# Meguiars #7 Show Car Glaze???



## pawlik (May 16, 2011)

Any opinions please. At this moment i use CG WMF for silver and light colored cars and CG EZ Creme for dark colored cars. Will Megs 7 leave better finish on dark than EZ??? If yes, what is best application method, by hand or mashine ( DA? rotary?) 

Thank's


----------



## mr.t (Oct 1, 2010)

i have it and like it. i apply it with a sponge applicator and buff off straight away.I think youl get better results though for your darker car.I think its meant to work better for dark cars.


----------



## pawlik (May 16, 2011)

mr.t said:


> i have it and like it. i apply it with a sponge applicator and buff off straight away.I think youl get better results though for your darker car.I think its meant to work better for dark cars.


Have this glaze fillers?


----------



## Trip tdi (Sep 3, 2008)

I know this is a old skool product and has been in production for a long time, but how is the removal rate and ease of use of this product, read a couple of threads were some users mentioned it's not a easy product to buff off if left for too long, others comment it's fine and leaves a great oily finish behind; in other words leaves a good finish

How does this product compare to other glazes on the market, particularly Ezcreme.


----------



## ronwash (Mar 26, 2011)

Wet wet wet,pure glaze,cant not loving it.


----------



## rob3rto (May 23, 2007)

On this video, Mike shows exactly how to apply #7


----------



## mr.t (Oct 1, 2010)

this sounds interesting il have to watch it properly.Just watched it for a few minutes.I find applying it and buffing it straight off works well.(not sure if i have to let it cure though).Can anybody confirm if i have to let it cure before buffing it off?


----------



## rob3rto (May 23, 2007)

mr.t said:


> this sounds interesting il have to watch it properly.Just watched it for a few minutes.I find applying it and buffing it straight off works well.(not sure if i have to let it cure though).Can anybody confirm if i have to let it cure before buffing it off?


Mike says buff straight off.
Talks about #7 from about 26 mins in.


----------



## adlem (Jul 6, 2008)

The Megs #7 Bible - http://www.autopia.org/forum/guide-detailing/23740-meguiars-7-mike-phillips.html


----------



## pawlik (May 16, 2011)

So Megs #7 is better for dark, and little bit cheaper.


----------



## stangalang (Nov 27, 2009)

It is more geared to single stage paint IMO. It's old school wetness for sure. Either way, remove straight away


----------



## chewy_ (Mar 5, 2014)

rob3rto said:


> On this video, Mike shows exactly how to apply #7





rob3rto said:


> Mike says buff straight off.
> Talks about #7 from about 26 mins in.


Interesting to hear aswell Mike's comparison between #3 & #7 from about 34 mins in


----------



## camerashy (Feb 9, 2014)

So has anyone compared Megs #7 with CG Blacklight, and what do you think.


----------



## sean ryan (May 10, 2015)

camerashy said:


> So has anyone compared Megs #7 with CG Blacklight, and what do you think.

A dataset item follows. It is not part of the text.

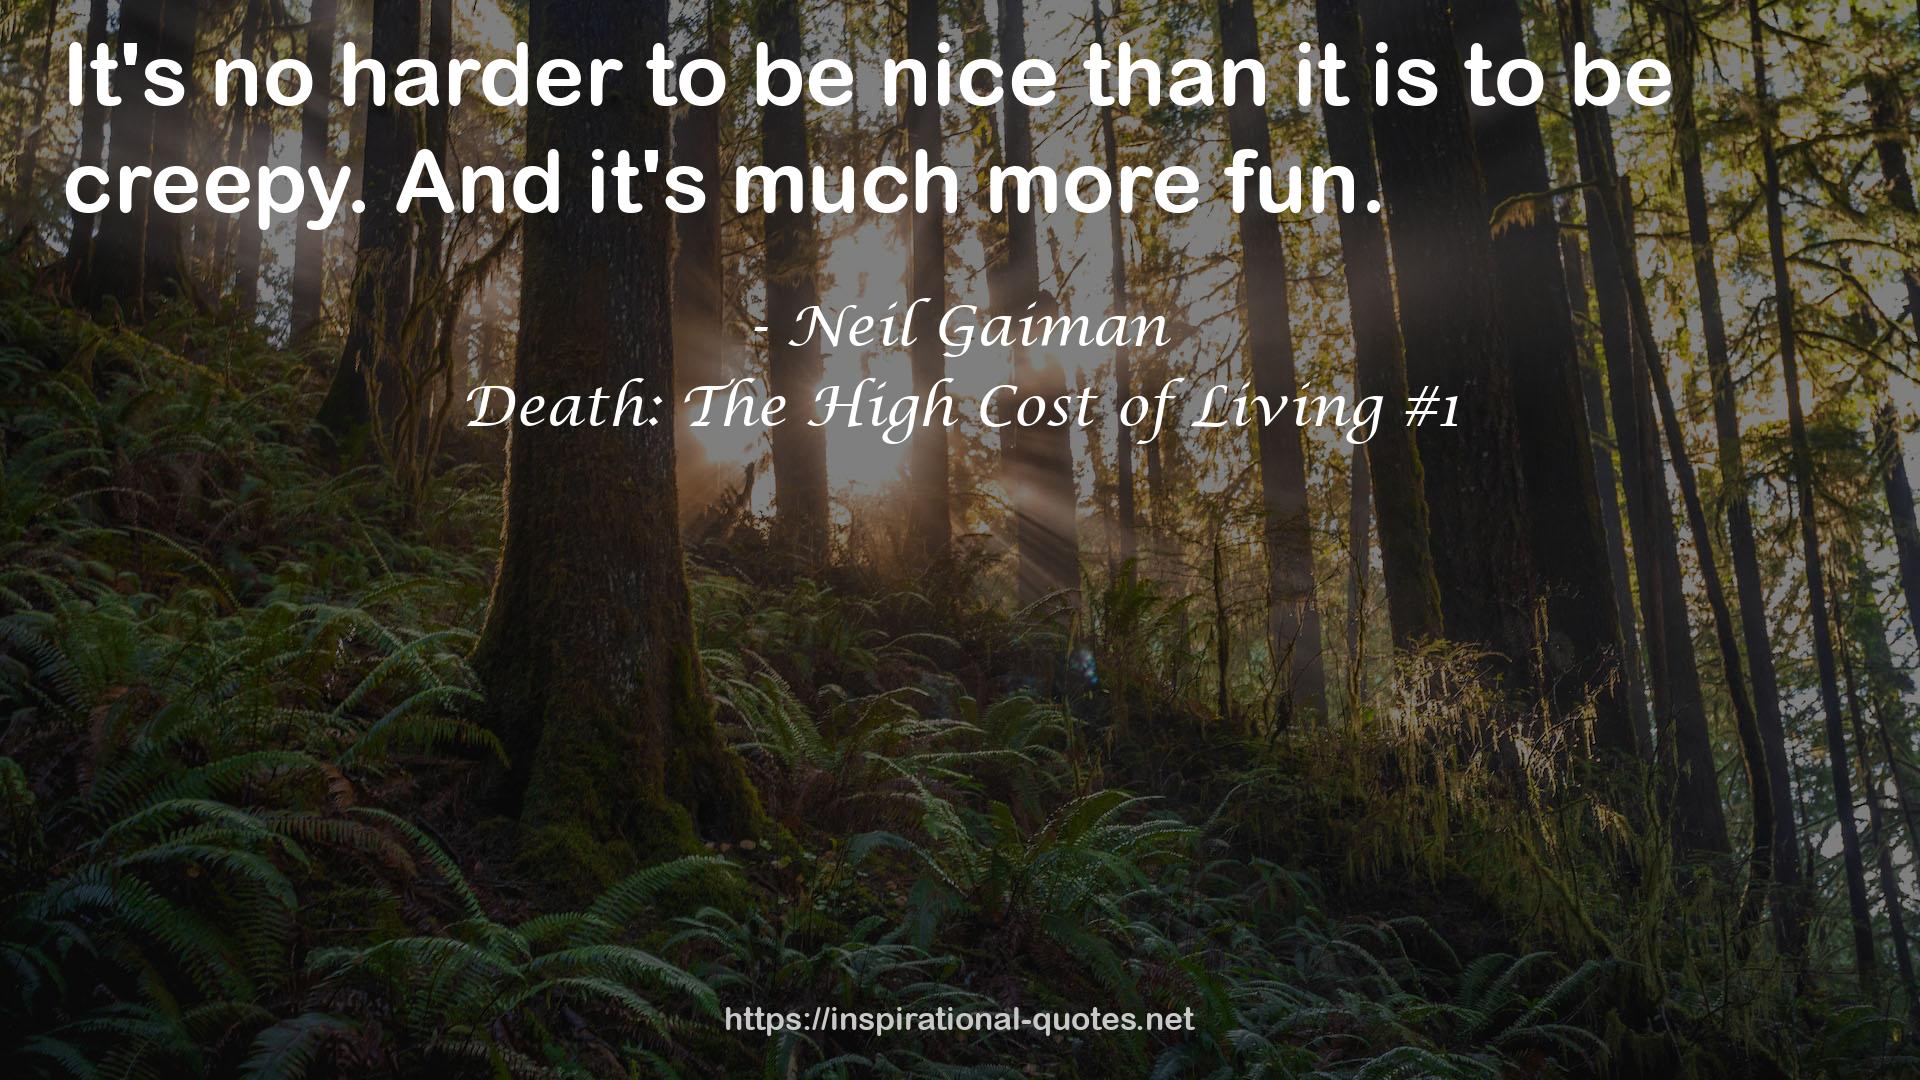 Death: The High Cost of Living #1 QUOTES

+1 as Blacklight is awesome


----------



## lowejackson (Feb 23, 2006)

camerashy said:


> So has anyone compared Megs #7 with CG Blacklight, and what do you think.


Apples and oranges. Not used the CG but it sounds like a AIO type product whereas No7 is great as a glaze or for restoring older paints on single stage paints as previously mentioned. No7 on modern paints is not that special


----------